When Icahn bought his stake, the credits were cheap, about 5 cents each. Rather than equip refineries to add ethanol, CVR just purchased credits. But by 2016 CVR was spending $200 million per year on them, and its stock value had dropped 70 percent from the prior year, the magazine wrote.

Icahn unsuccessfully tried to get the Obama administration's EPA to change the rules regarding the "point of obligation," trying to release CVR from the responsibility of blending the ethanol, according to the magazine.

In a letter to Sen. Sheldon Whitehouse, D-R.I., dated Monday, Pruitt wrote that he met with Icahn during Pruitt's confirmation process. "I made no assurances with regard to the point of obligation or any other substantive issue," Pruitt wrote.

Also, a search of EPA email boxes of 39 senior agency leaders turned up no emails to Icahn or CVR energy, Pruitt wrote. The search covered from Feb. 17, Pruitt's first day in office, to Aug. 18, the letter said. But the agency did not search for emails from before that date.
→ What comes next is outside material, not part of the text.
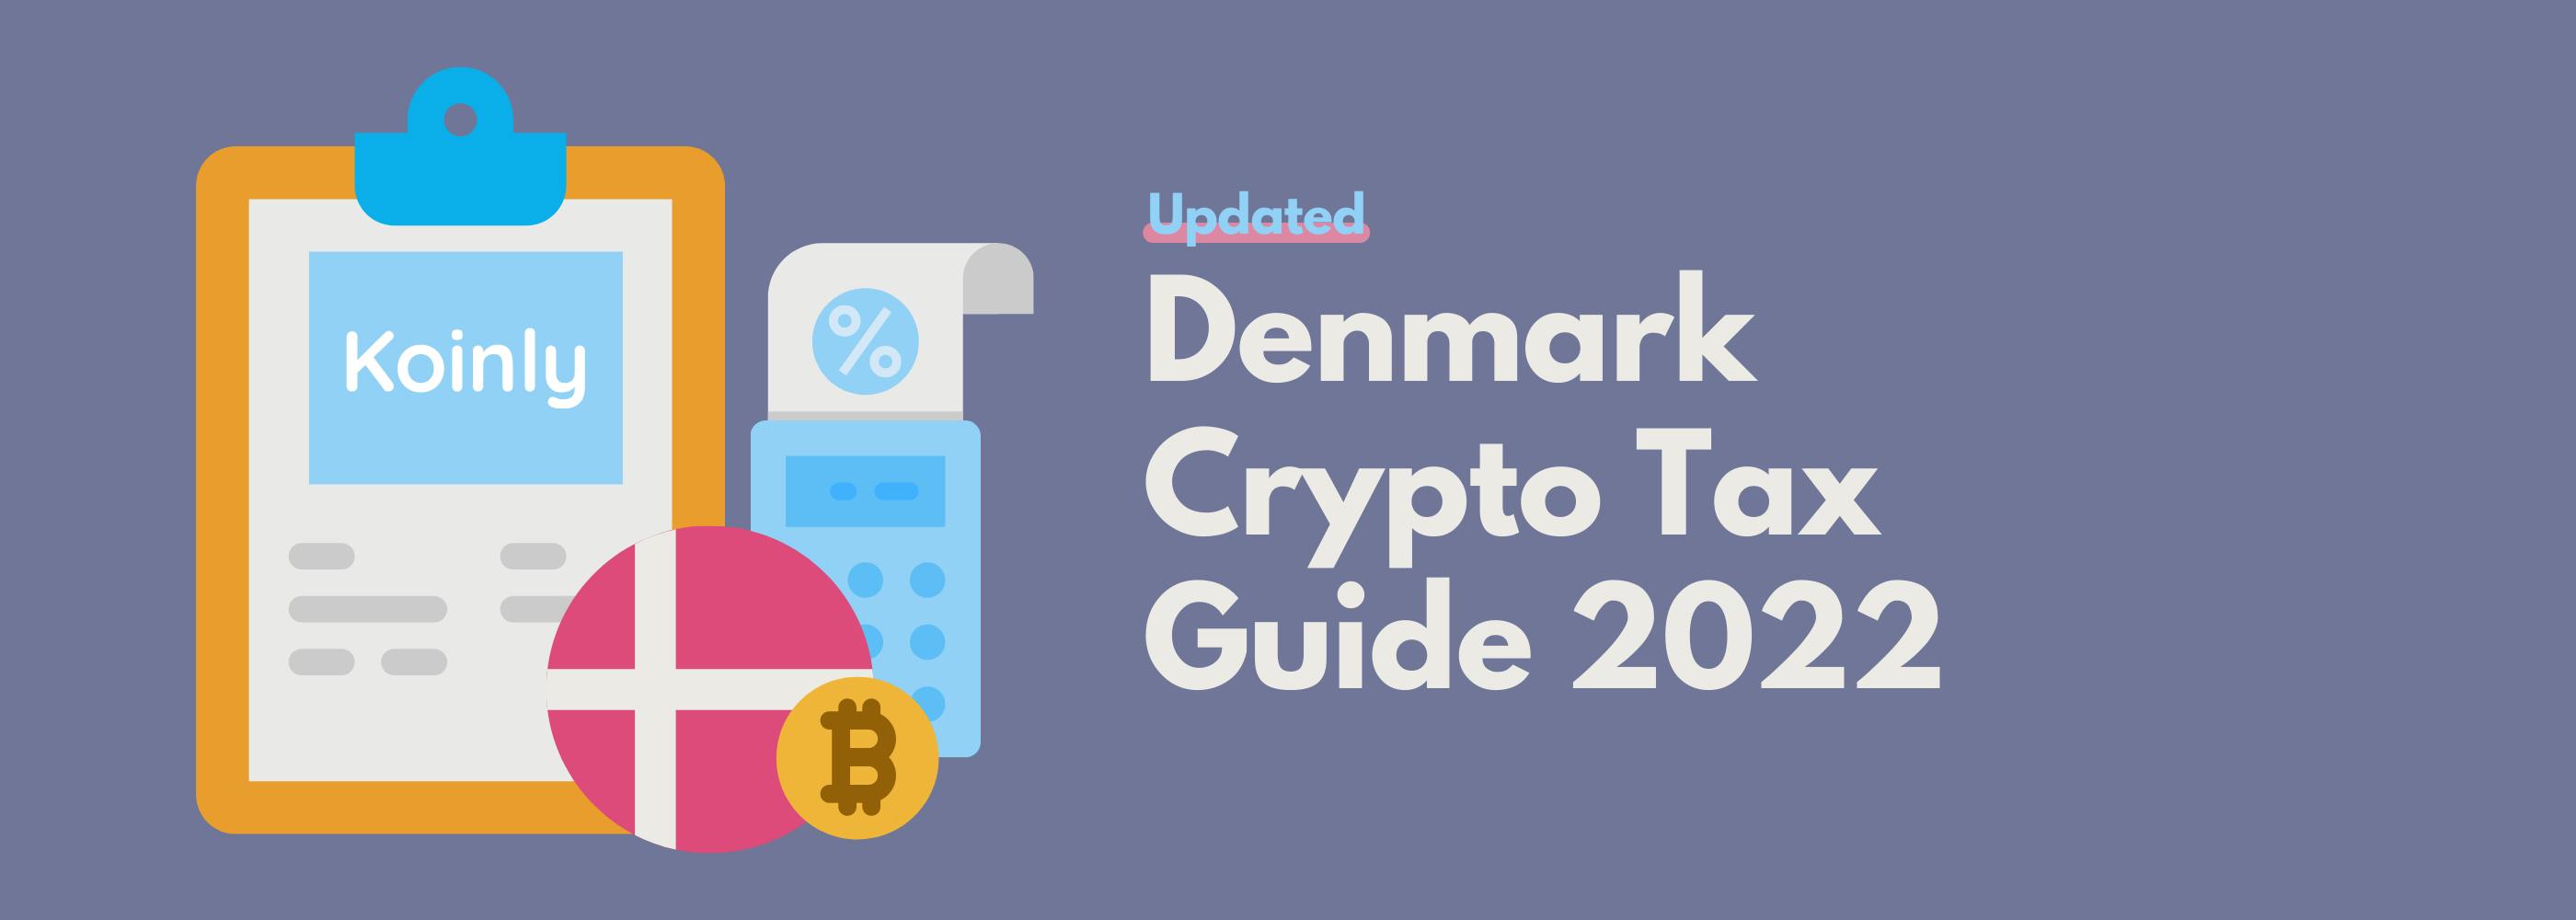 Denmark Crypto Tax Guide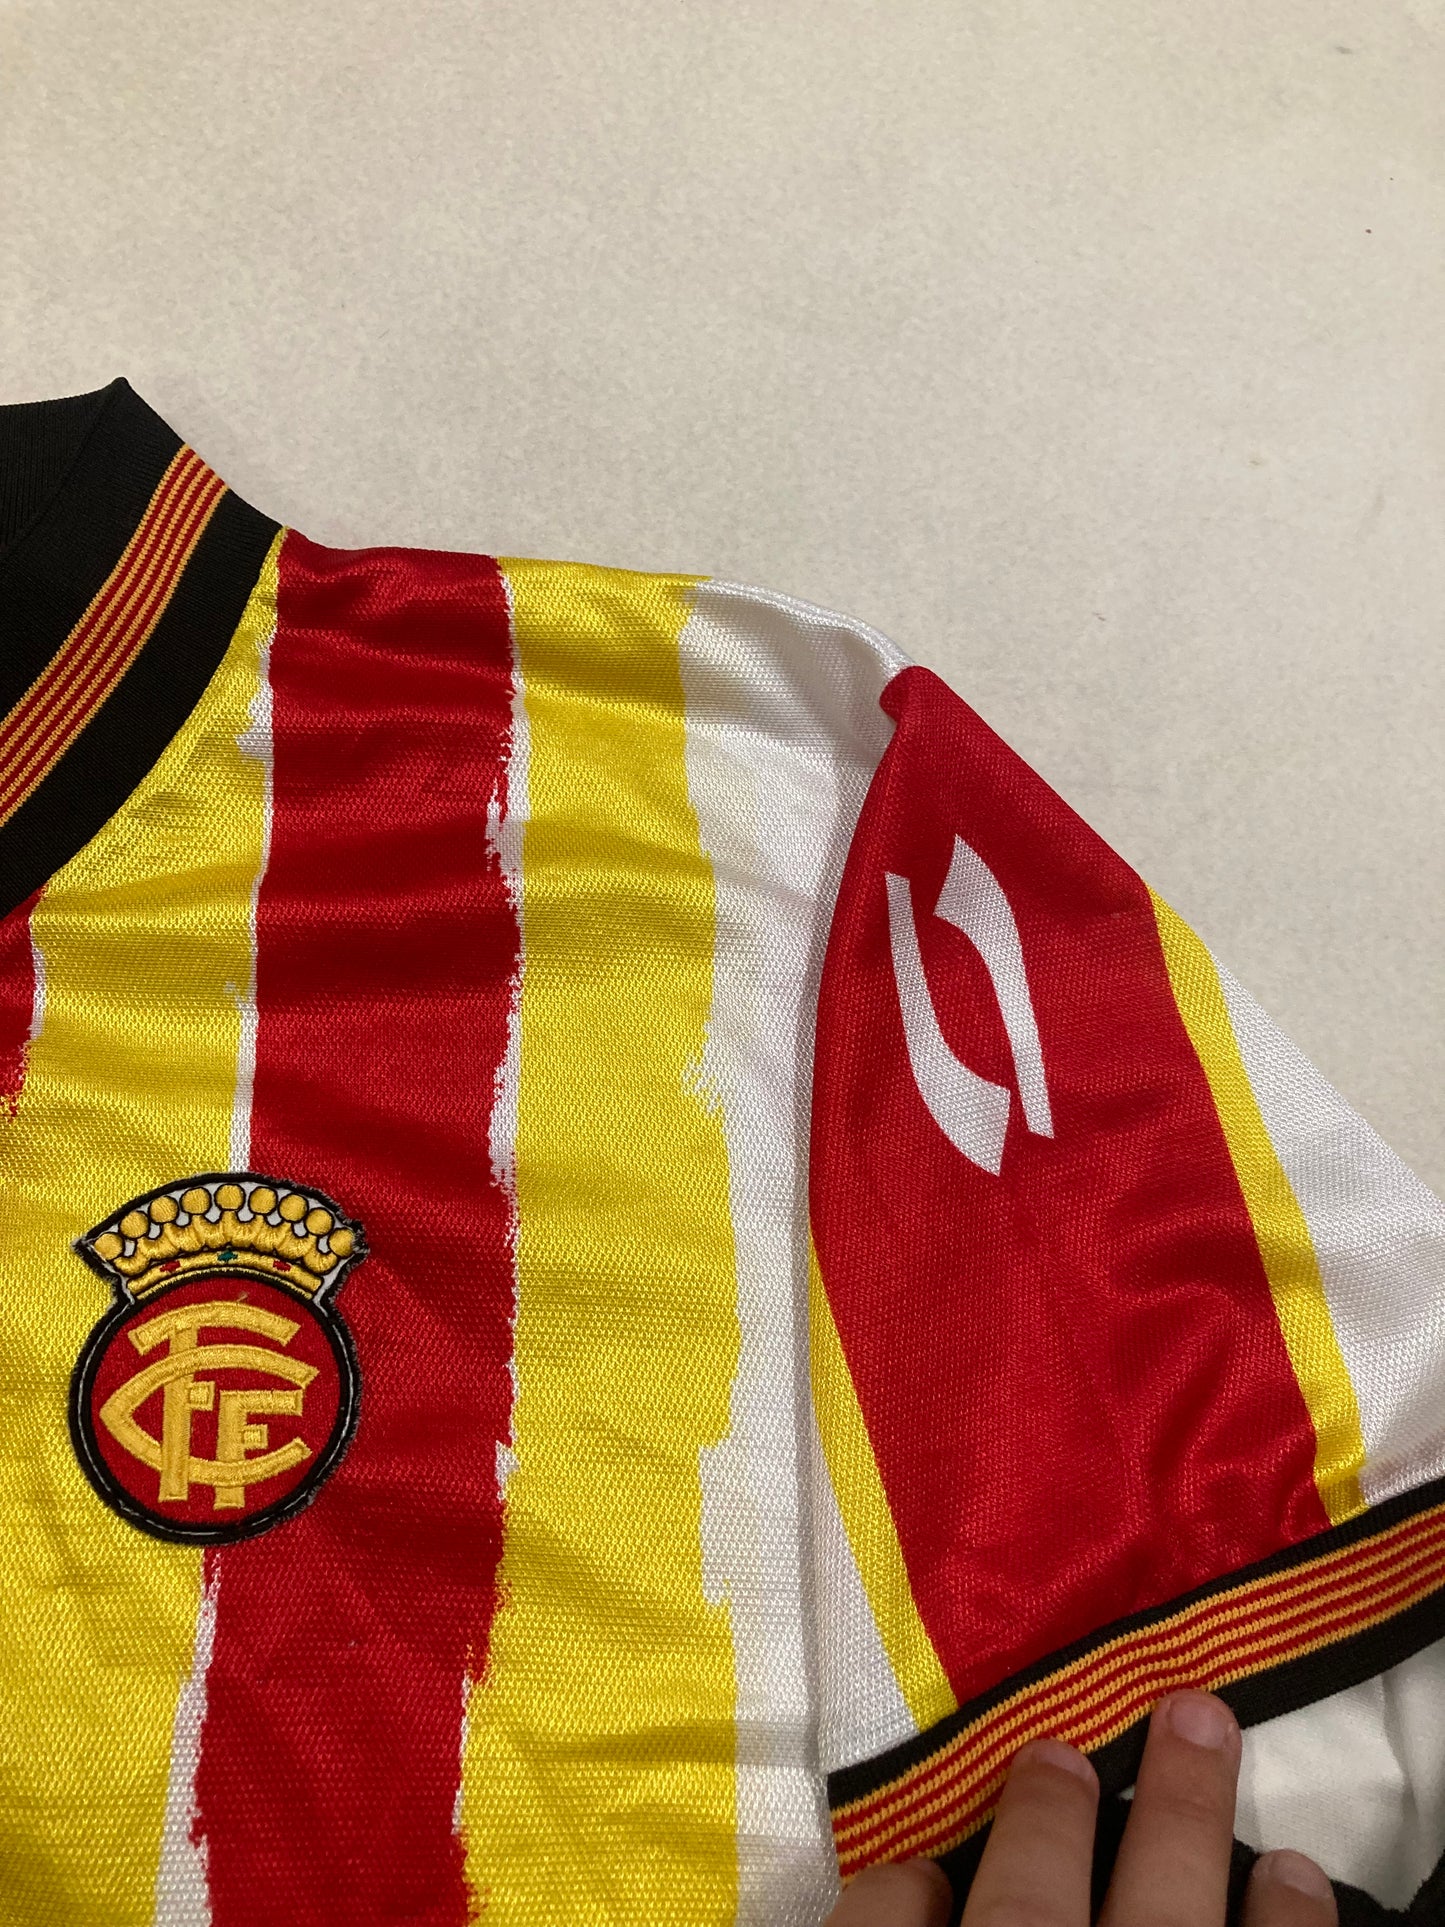 Camiseta Puma Selección Catalana 1998 ‘First Kit seleccion catalana Ever’ Vintage - M

Icahn became an unpaid adviser to Trump in December of last year.

Pruitt also pointed out that the EPA hasn't acted on the "point of origin" for blending ethanol into gasoline.

In a statement Wednesday, Rich Davidson, Whitehouse's press secretary, said the senators were reviewing Pruitt's letter for accuracy "and to determine whether additional steps are warranted."

Icahn, in his resignation letter to Trump, wrote that he would step down to prevent "partisan bickering" about his role, which Democrats suggested could benefit him financially. He wrote that he "never had access to nonpublic information or profited from my position, nor do I believe that my role presented conflicts of interest."

Several weeks after Trump's November victory, Icahn agreed to become an adviser to the president, and CVR's stock nearly doubled in value on the expectation that the renewable fuels rule would be changed, The New Yorker wrote.

On Dec. 22, the day after Icahn was formally declared a White House adviser, the price of the credits dropped. Then, on Feb. 27, news leaked that Icahn had struck a deal with the Renewable Fuels Association to change the ethanol blending requirement. That sent the price of credits down more, and it fell further when word leaked that an executive order on ethanol blending was imminent.

Early in the year, CVR was selling renewable fuel credits, the magazine wrote. It was able to buy them later at a discount to meet federal requirements, according to the story.

Icahn's attorney has rejected allegations that Icahn exploited his relationship with Trump to make bets on renewable fuel credits. He said the CVR board, which Icahn chairs, made decisions on when buy or sell credits.

A spokeswoman for CVR Energy would not comment on the magazine's story after it was published in August.